听见熟悉的声音,正在檐下浅眠的禍斗立马睁开眼睛。
它看见李夜清后,欣喜地在其靴子旁左右转悠道。
“李哥儿,我还以为你把我忘了呢,不枉我在这等了一天一夜。”
李夜清揉了揉禍斗的毛发问道。
“你不是应该在栖霞寺里吗?”
“这是什么话,那天李哥儿亲口说的带我去庸都的呢?这么快就忘了,为了不给你路上添麻烦,我还特地把蠹鱼关在了寺内的书阁里。”
听着禍斗的话,李夜清不禁摇了摇头,用脚上的乌靴底踢了它一脚后提醒道。
“跟我去庸都行,但是这一路上可不许随便显露真身,就算是在夜间也不行,到了庸都更是要安分点,若是知道你又回了庸都,非得叫那位镇西王出来提剑砍你。”
禍斗高兴地连连点头,紧跟在李夜清身后道。
“都听李哥儿的,都听李哥儿的,只要不待在栖霞寺里,怎么都好说。”
而这时,李夜清腰间画轴内的小妖们也都醒了过来。
禍斗立马察觉到有只大妖的气息在周围浮现。
紧接着符拔就从画境中探出了半个脑袋。
第一眼它就瞥见了一旁的禍斗,不禁嗤笑道。
“哪儿来的一条黑狗,竟然也修了点道行。”
这话可给禍斗惹的有些急眼,它叫喊着要和苻拔比划比划,但苻拔只说了一句上古瑞兽不屑于和它这腌臢妖修斤斤计较,随后就又隐入了画轴中。
见状,李夜清只好赶紧安抚了几声禍斗,这才避免了这两只大妖撕扯起来。
不知不觉间,日头渐落。
玉京城西的城墙下坊市里,一位穿半臂的青年带着二女和一条黑犬在食肆里用过了晚食,见天色未暗,就去了一旁的茶肆里听先生说书,
找了个僻静角落里坐下后,李夜清要了一壶清茗茶。
茶肆居中的先生一拍醒木,说的正是那日青雀山中几位山上真人联手起剑,剑斩北荒妖族气运之事。
“诸位,尔等可知那青雀山中藏着怎么样的一柄剑?那是当年人祖所铸,绝天地通,平定了妖魔乱世的神剑。

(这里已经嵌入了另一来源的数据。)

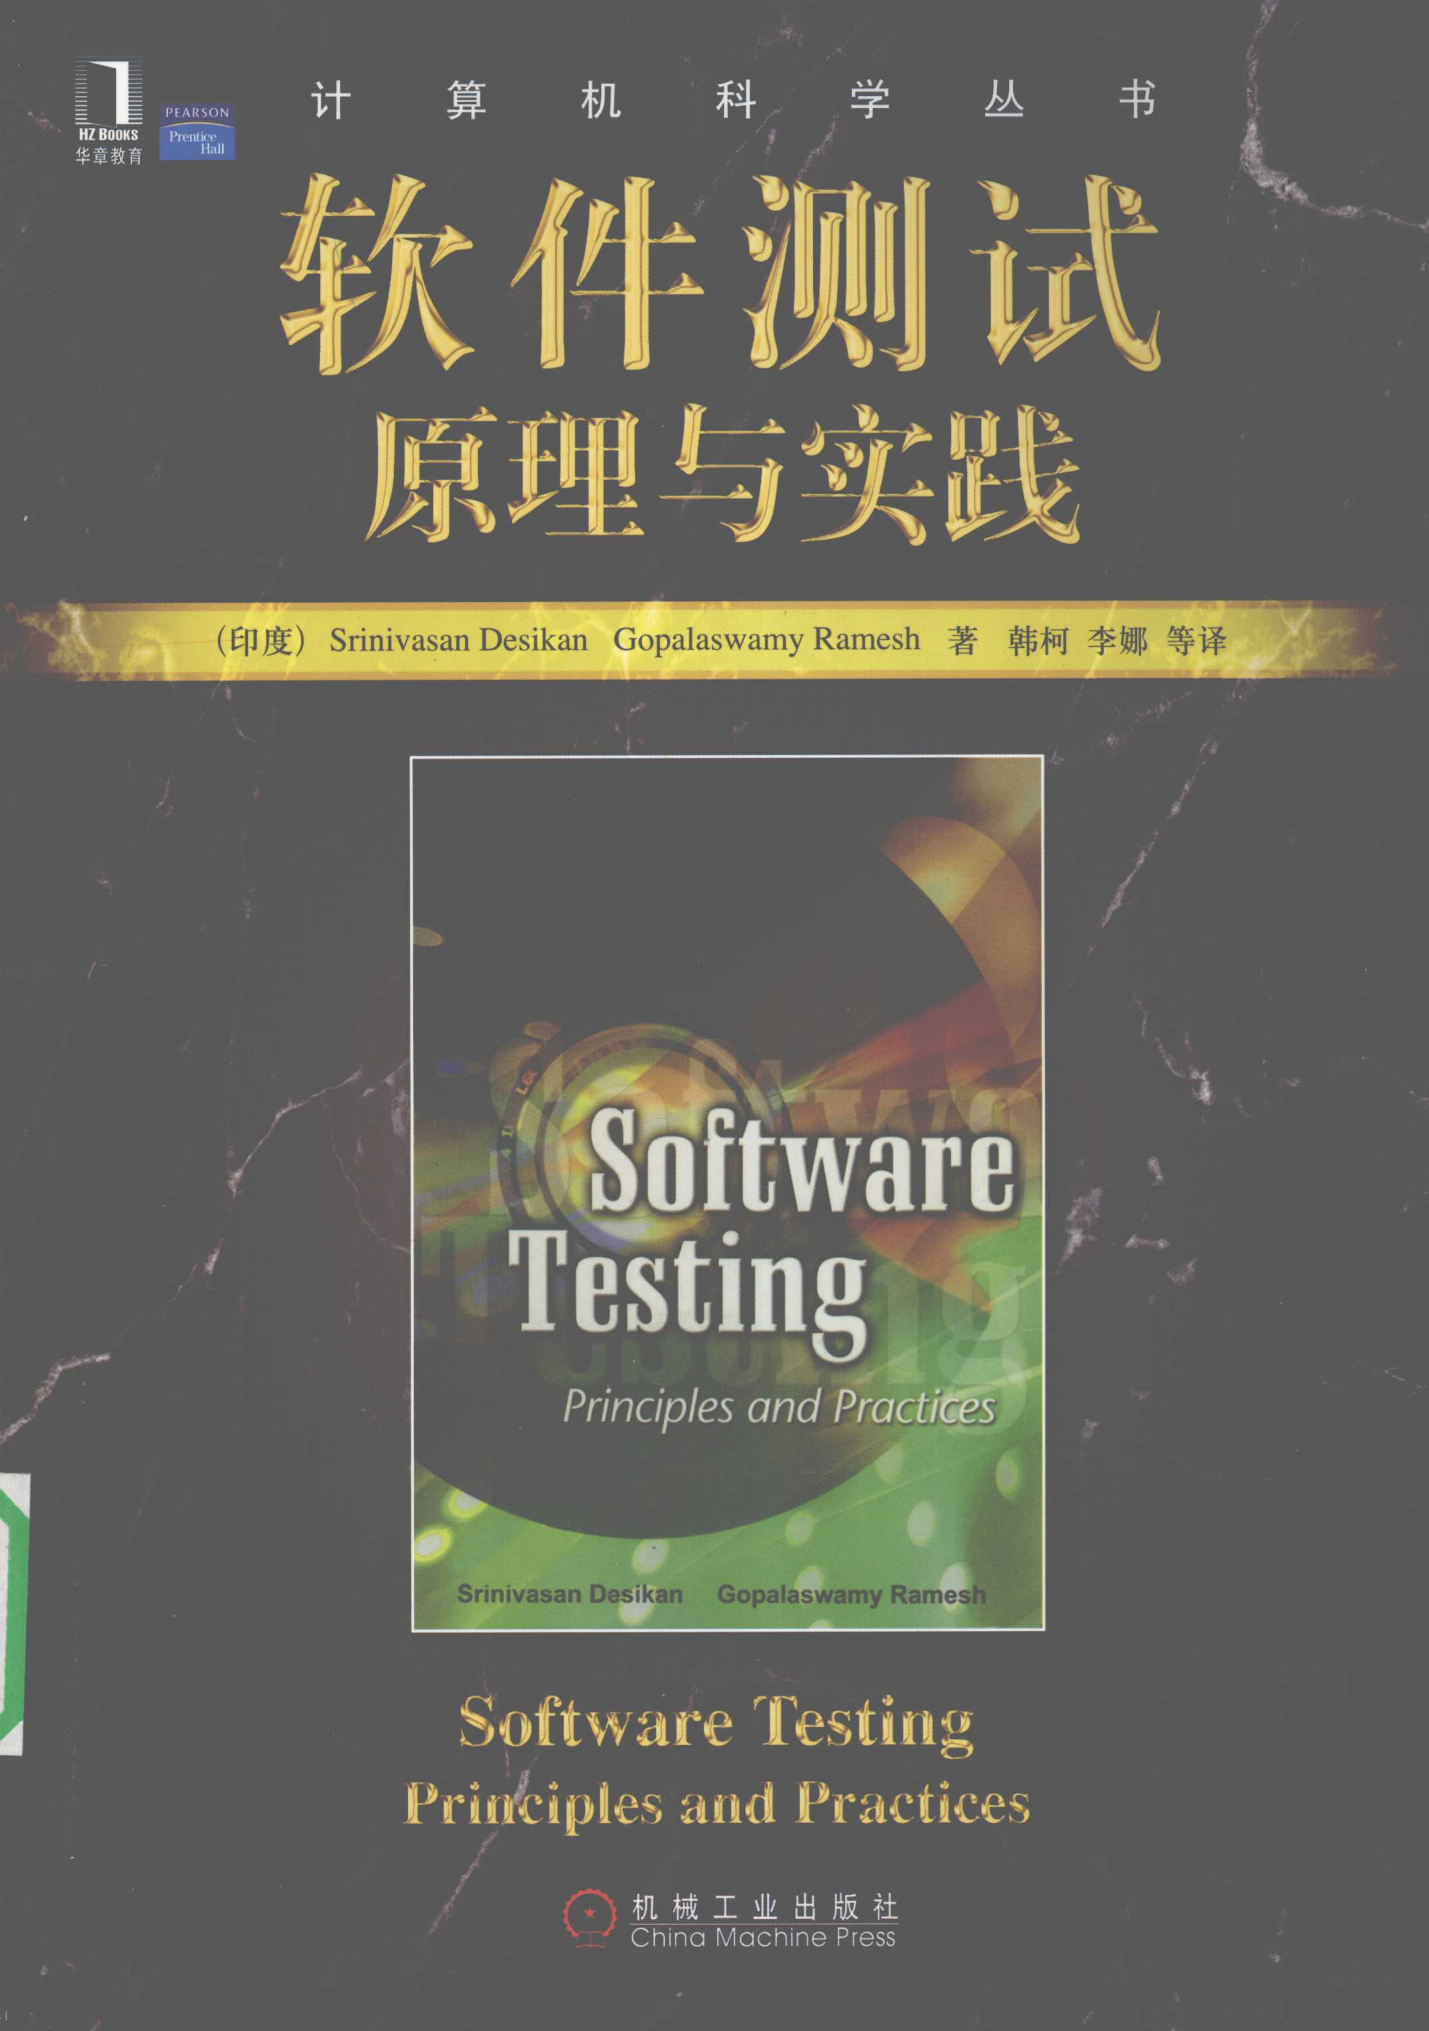 《软件测试原理与实践》书籍封面

”
说书先生语气激昂,彷若亲眼见过那柄揽雀尾一样。
“如今妖魔犯我大玄疆土,圣人悲天悯人,心系这三千邑百姓生死,这才不曾立即发北荒,但那日青雀山中的一剑,却是彻底断绝了北荒妖魔胆敢来犯的妄念。”
“只见那几位真人齐齐起剑,整座青雀山上剑气绵延,几乎刺破了天幕,一剑之威,未见而叫人胆寒。”
说书先生讲得抑扬顿挫,令周遭的市井小民也不禁生起了诛杀妖魔,护佑疆土的热忱宏愿。
随着先生拱手躬身,茶肆周遭也都响起了一片叫好声。
而偏僻角落的青年只是冁然一笑,继而将一贯铜钱摆在了茶案上,与两女悄然离去。
…………
玉京城外的坊道上。
城中坊市灯火通明,城外坊道上却是幽深一片。
好在有明月照影,月光洒在河流上好似铺盖了一层金粉。
涂山雪拉了拉斗笠,一时间还有些不舍。
她回头望了一眼身后的玉京城,不知不觉落下了数步。
看向前方时,李夜清正停了下来向她招手。
“来了。”
寂静的坊道上,腰间悬挂着剑与画的绣衣青年提灯走在最前面,清月落下白光,隐约照出了他身后的片片妖影。
符拔与禍斗,一白一黑两只妖兽跟随在青年身后左右,三足雀盘旋在上方,狐女携刀,桃妖紧随,渐起的夜雾里诸多小妖的身影若隐若现。
妖气与夜雾氤氲在一处浮沉,渐渐地连青年手中的那盏白皮灯火也匿去了……………
卷一玉京篇终。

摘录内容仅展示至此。